### Records shown
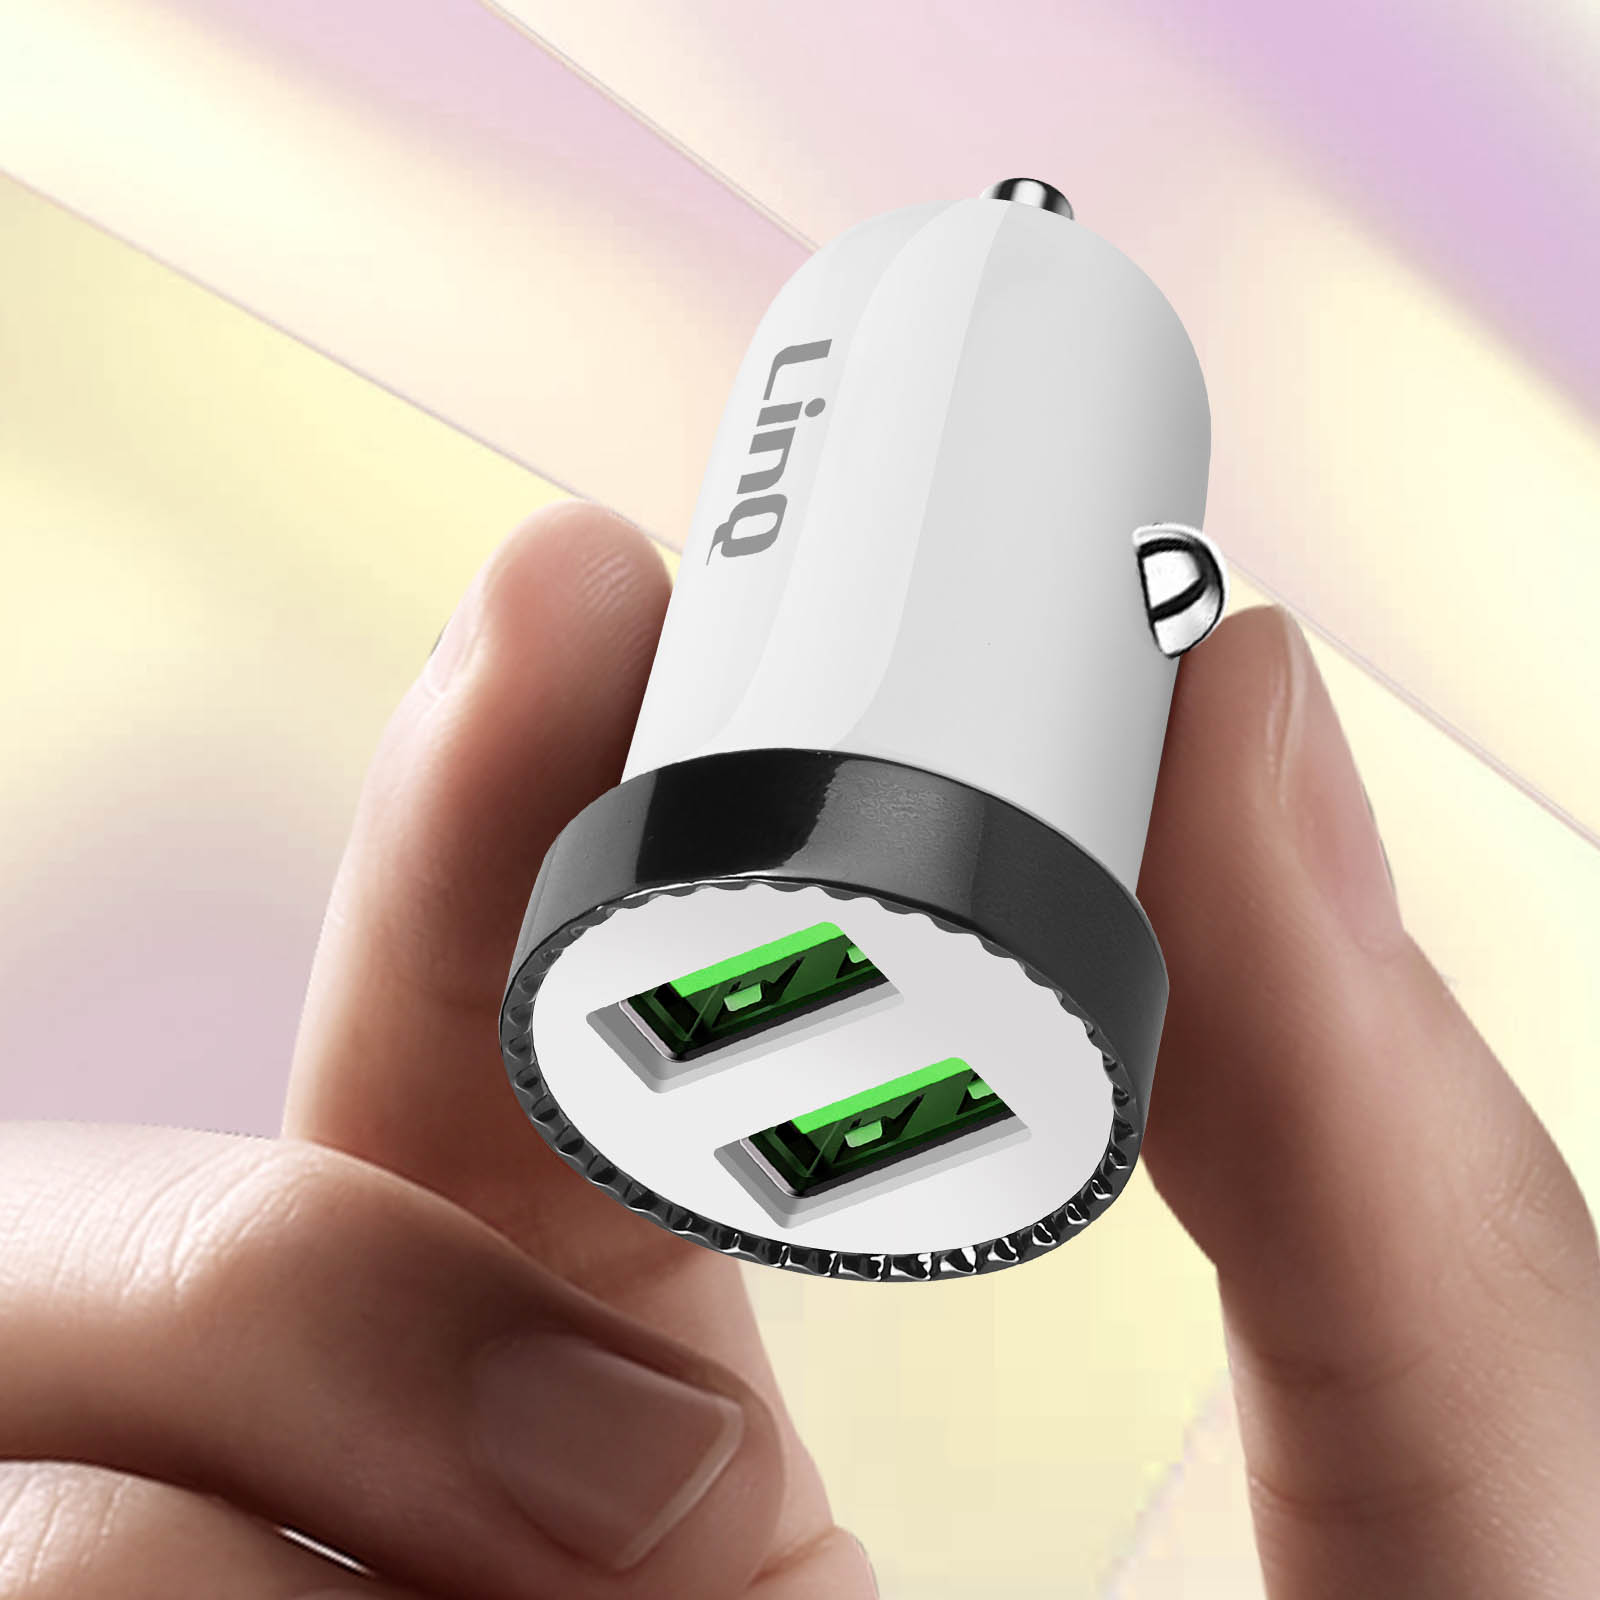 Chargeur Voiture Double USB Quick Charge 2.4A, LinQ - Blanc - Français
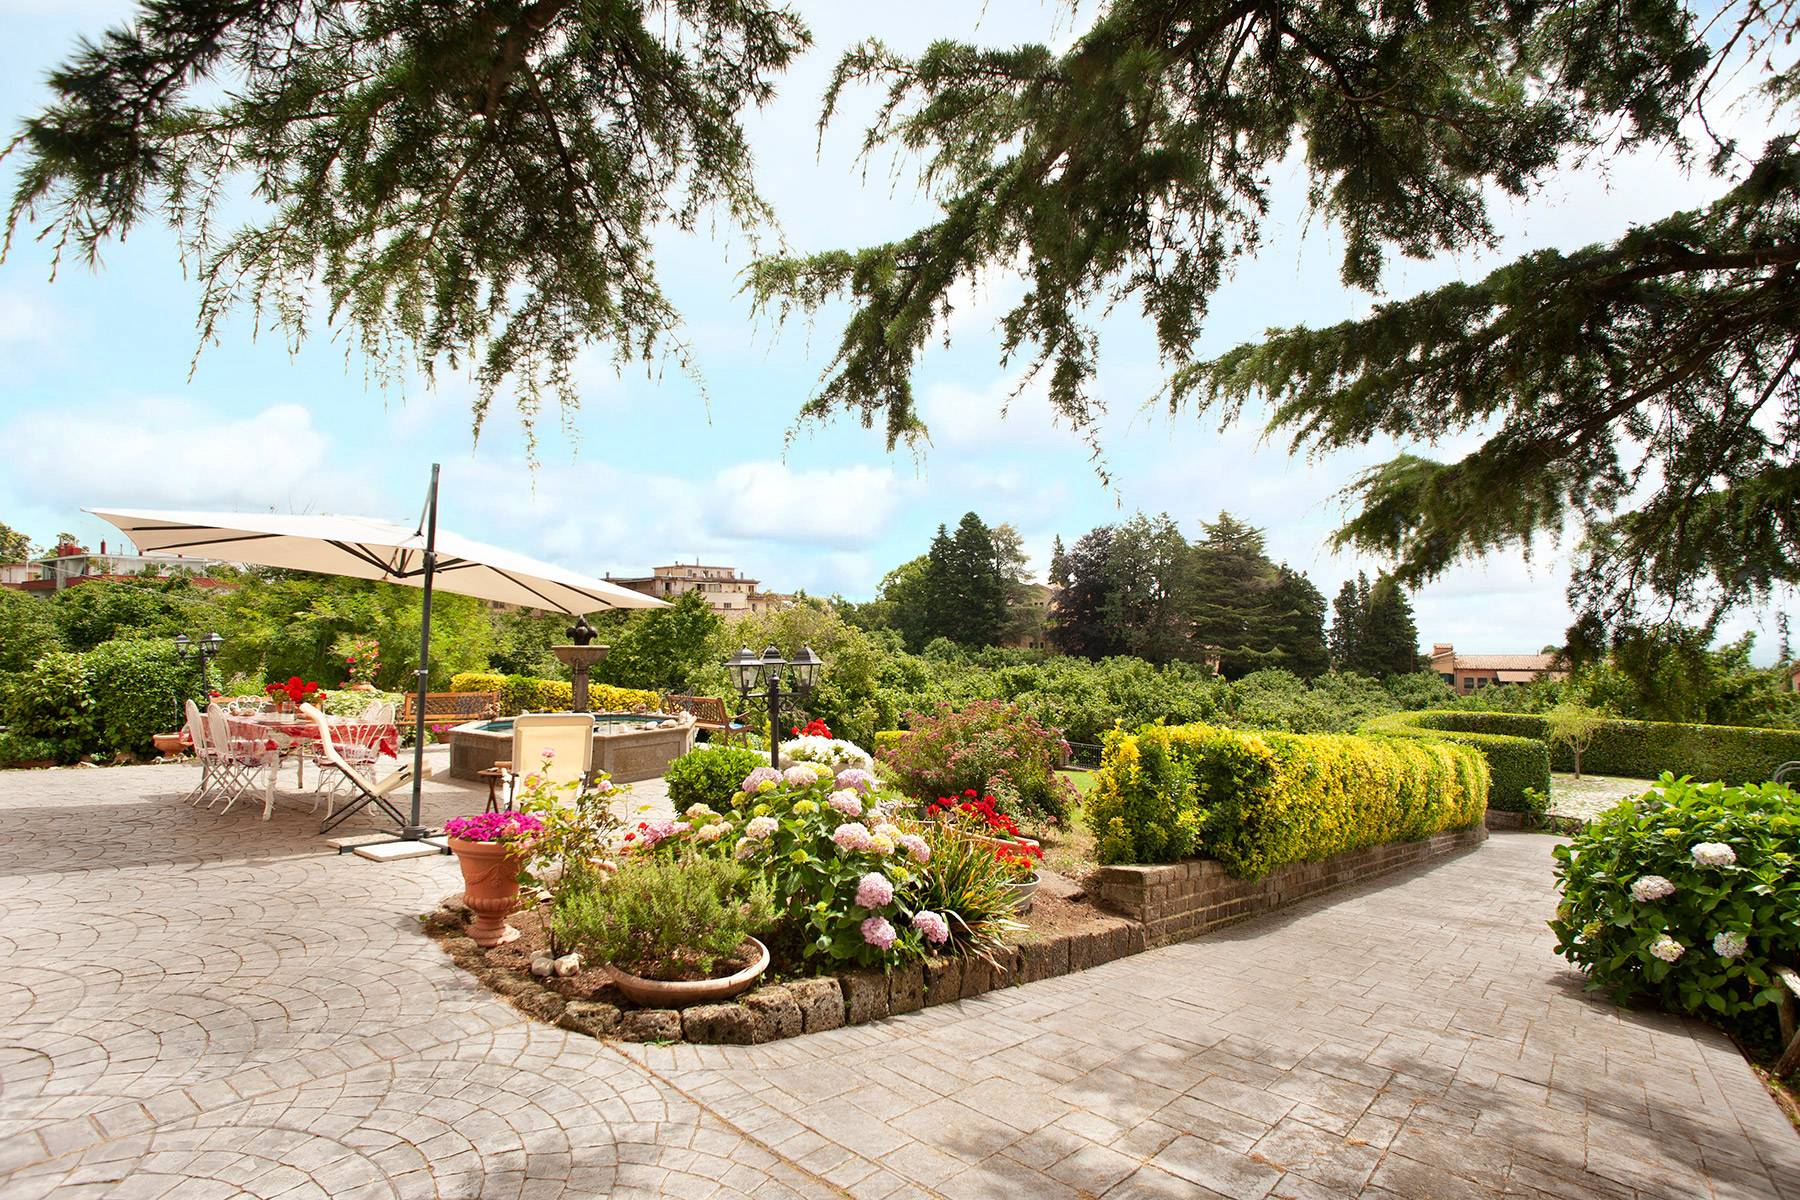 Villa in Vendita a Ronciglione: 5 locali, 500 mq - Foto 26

* * *

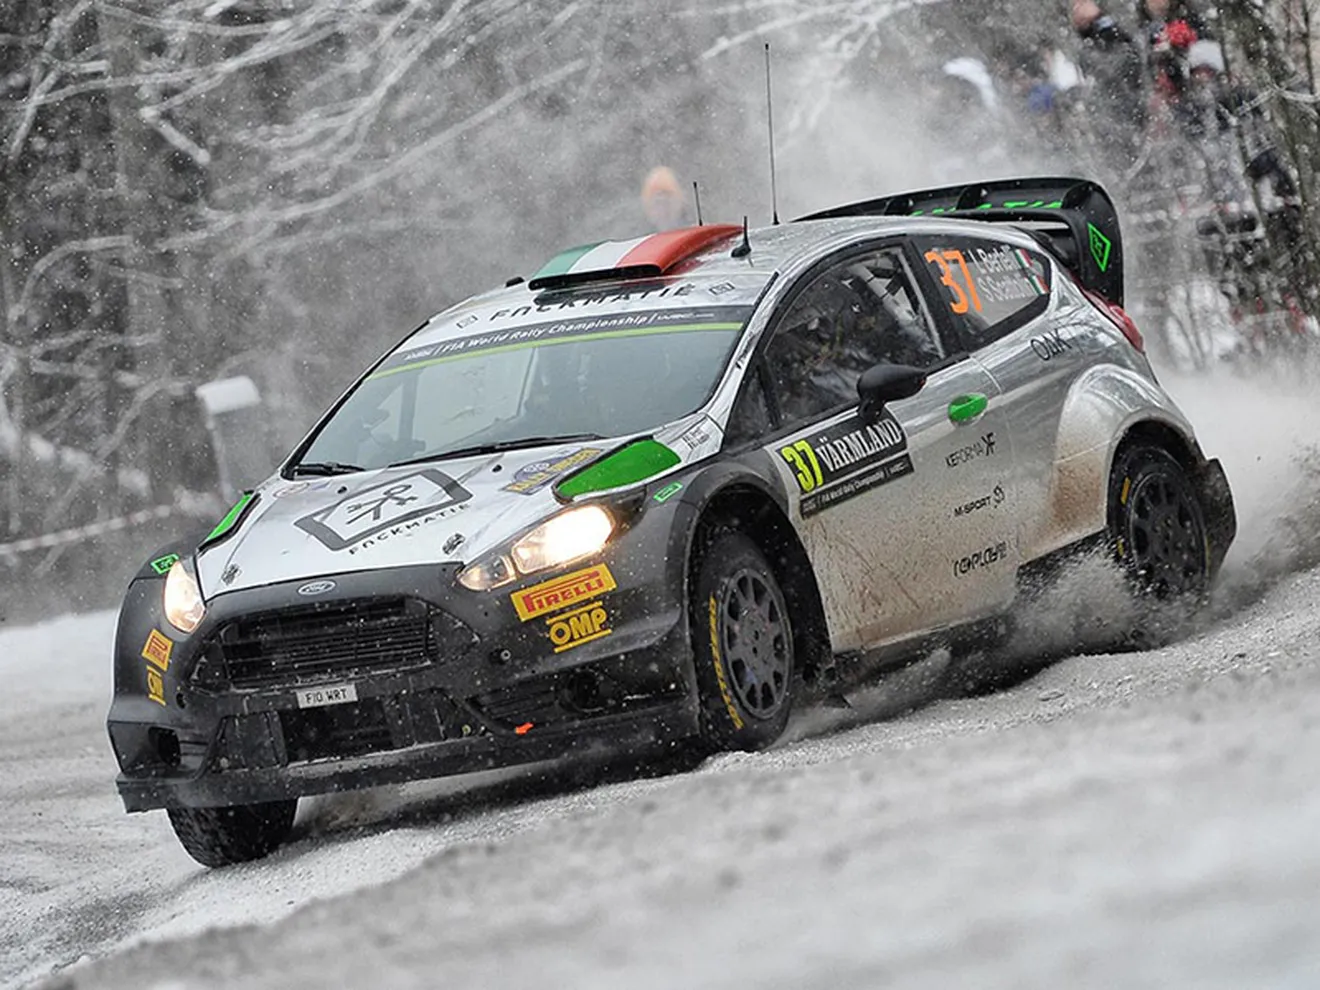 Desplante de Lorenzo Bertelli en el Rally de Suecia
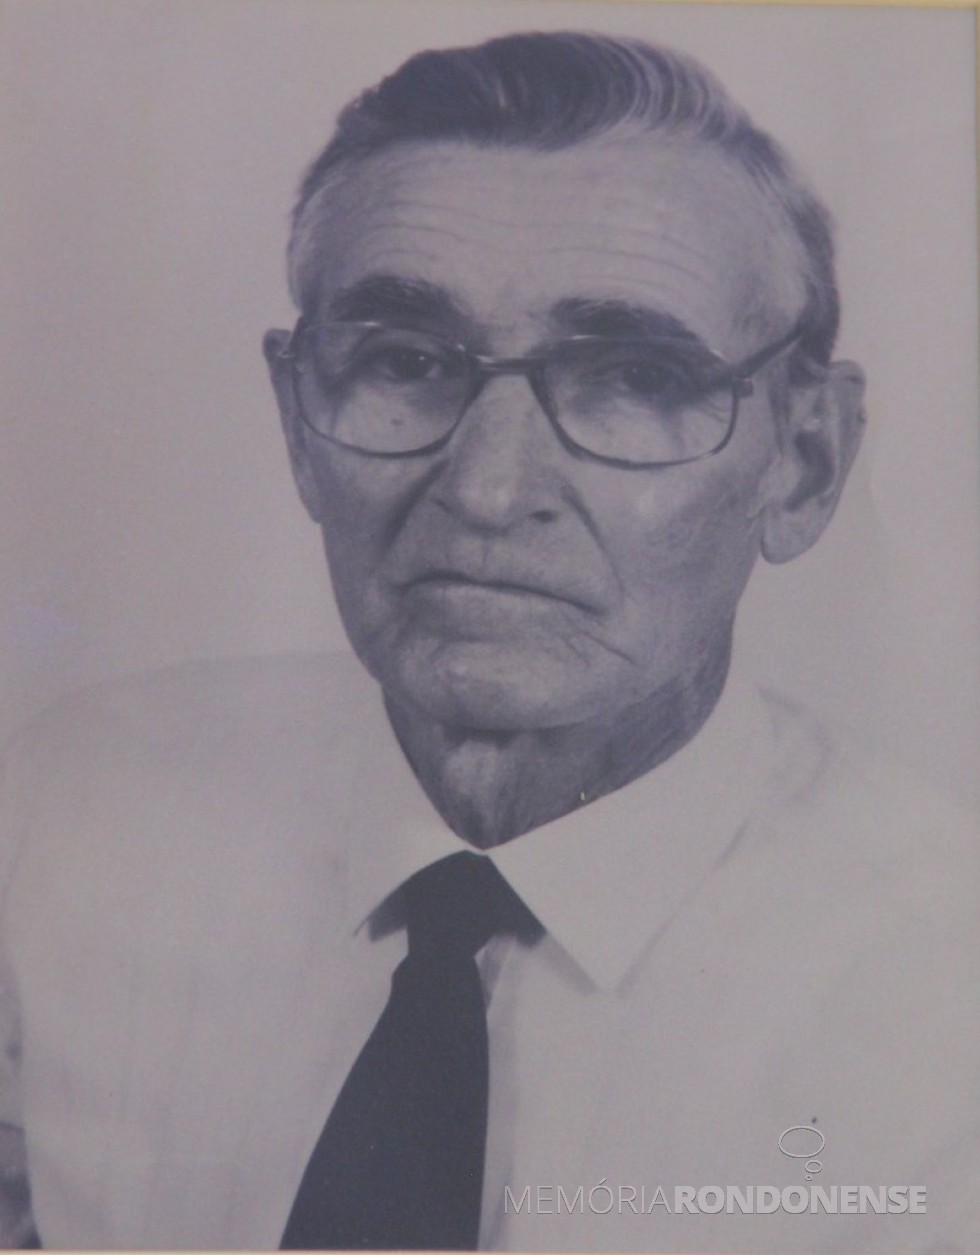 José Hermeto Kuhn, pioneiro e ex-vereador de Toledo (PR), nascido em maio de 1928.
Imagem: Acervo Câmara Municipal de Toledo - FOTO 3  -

### Aim of the task
Given the entries above, transcribe exactly the lines from the one holding "Chargeur Voiture Double" through the one holding "Villa in Vendita"; pictures do not belong in the transcription.

### Result
 Chargeur Voiture Double USB Quick Charge 2.4A, LinQ - Blanc - Français
 Villa in Vendita a Ronciglione: 5 locali, 500 mq - Foto 26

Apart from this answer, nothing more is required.